My data.table
consists of hourly observations of the power produced by an engine (output
) and a system state descriptor tag
which tells which all components of the engine are turned on.
DATA
structure(list(time = structure(c(1517245200, 1517247000, 1517248800,
1517250600, 1517252400, 1517254200, 1517256000, 1517257800, 1517259600,
1517261400, 1517263200, 1517265000, 1517266800, 1517268600, 1517270400,
1517272200, 1517274000, 1517275800, 1517277600, 1517279400, 1517281200,
1517283000, 1517284800, 1517286600), class = c("POSIXct", "POSIXt"

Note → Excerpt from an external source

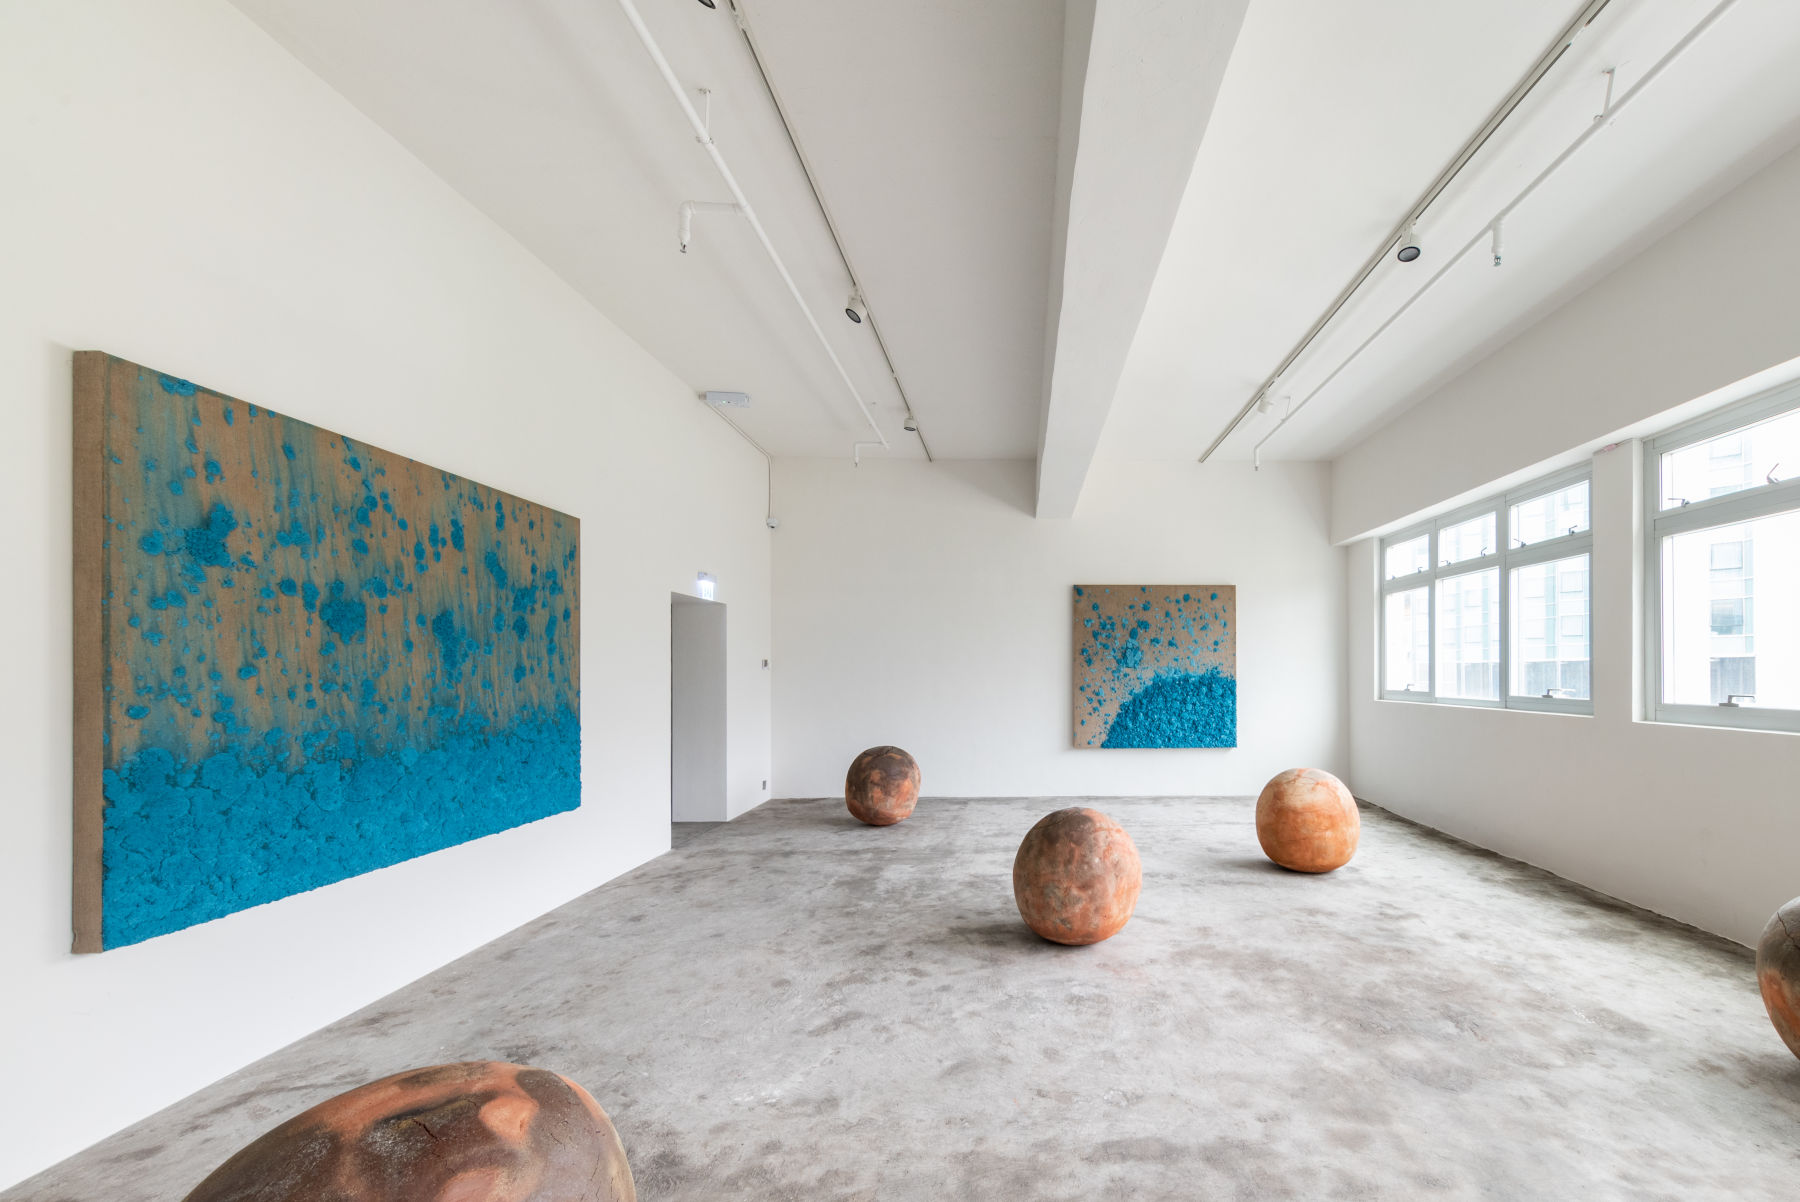 Axel Vervoordt Gallery Hong Kong Bosco Sodi 1

), tzone = ""), output1 = c(160.03310020928, 159.706274495615,
159.803834736236, 159.753928429527, 159.54807802046, 159.21298848298,
158.904290018581, 158.683643772917, 158.670475839199, 158.793901799427,
158.886487460894, 159.167829223303, 159.66751884913, 159.1288534448,
159.141463186901, 160.116892086363, 160.517879769862, 160.615925580417,
160.915687799509, 161.590897854561, 161.568455821241, 161.411642091721,
161.811137570257, 162.193040254917), tag1 = c("evap only", "evap only",
"fog & evap", "fog & evap", "evap only", "evap only", "evap only",
"neither fog nor evap", "neither fog nor evap", "fog & evap", "evap only", "evap only",
"evap only", "fog & evap", "evap only", "fog & evap", "evap only",
"evap only", "evap only", "evap only", "fog & evap", "fog & evap",
"bad data", "neither fog nor evap")), row.names = c(NA, -24L
), class = c("data.table", "data.frame"))
You can also generate some sample data using:
sample_data <- data.table(time = seq.POSIXt(from = Sys.time(), by = 60*60*3, length.out = 100),
output = runif(n = 100, min = 130, max = 172),
tag = sample(x = c('evap only', 'bad data', 'neither fog nor evap', 'fog and evap'),
size = 100, replace = T))
I want to group this by day (sample data above has only two days but actual data has 3 years worth of data) and find the mean power corresponding to each tag
. I would like the output to be something like:
time evap only fog & evap neither fog nor evap bad data
1: 2018-01-29 159.8391 160.0825 159.8491 161.8111
I've tried the following piece of code but the result is not in the form that I want. I'm using .SDcols
because the actual dataset has a large number of other columns.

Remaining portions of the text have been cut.